Turkey’s current account gap falls to $2.2 billion amid oil plunge
ANKARA - Anadolu Agency
Cihan PhotoTurkey’s current account deficit fell to $2.22 billion in January, a drop of $216 million compared to the same month last year, the Central Bank stated on March 10.
The 12-month rolling deficit fell to $31.9 billion in the month from $42.9 billion in January of last year.
“This development in the current account is mainly attributable to a $250 million decrease in the deficit in the goods item, at $2.84 billion, and a $25 million decrease in the primary income deficit, at $434 million,” the Bank said.
Declining oil prices have had a very positive effect on Turkey’s current account deficit and inflation rate.
Oil prices have fallen by 65 percent since mid-2014, from $115 a barrel in June 2014 to below $30 per barrel in 2016 (now $40 per barrel) reaching their lowest level in seven years. This marked the most rapid decline in oil prices since 2008.

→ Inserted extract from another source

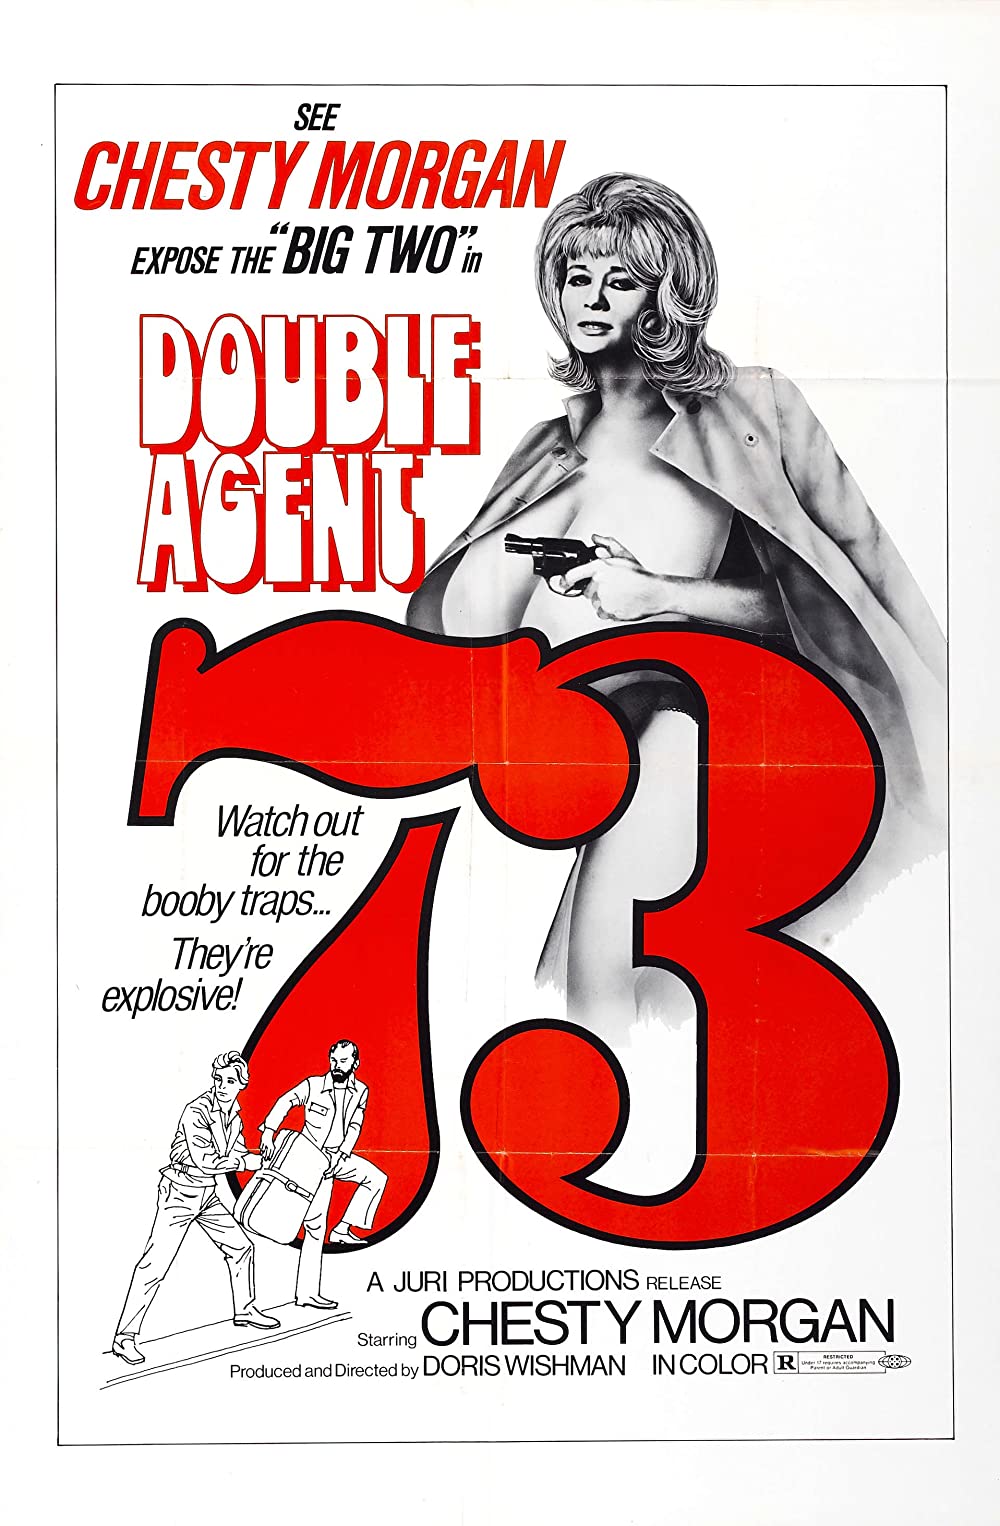 Filmbeschreibung zu Double Agent 73

Turkey’s energy imports declined by 31 percent in 2015 compared to previous year, according to statistical authority (TURKSTAT). Energy imports stood at $37.8 billion last year, marking a drop of around $17 billion compared to 2014.
Overall, Turkey paid $207 billion for its imports last year.
Meanwhile, Turkey’s foreign trade deficit declined 13.4 percent year-on-year in January, in line with the oil plunge. In January, the deficit fell to $3.76 billion, down from $4.34 billion from same month last year, a decrease of 13.4 percent, according to data released by TURKSTAT on Feb. 29.
Exports amounted to $9.6 billion, a 22 percent decrease from January 2015, and imports were $13.4 billion, a 19.7 percent decline year-on-year.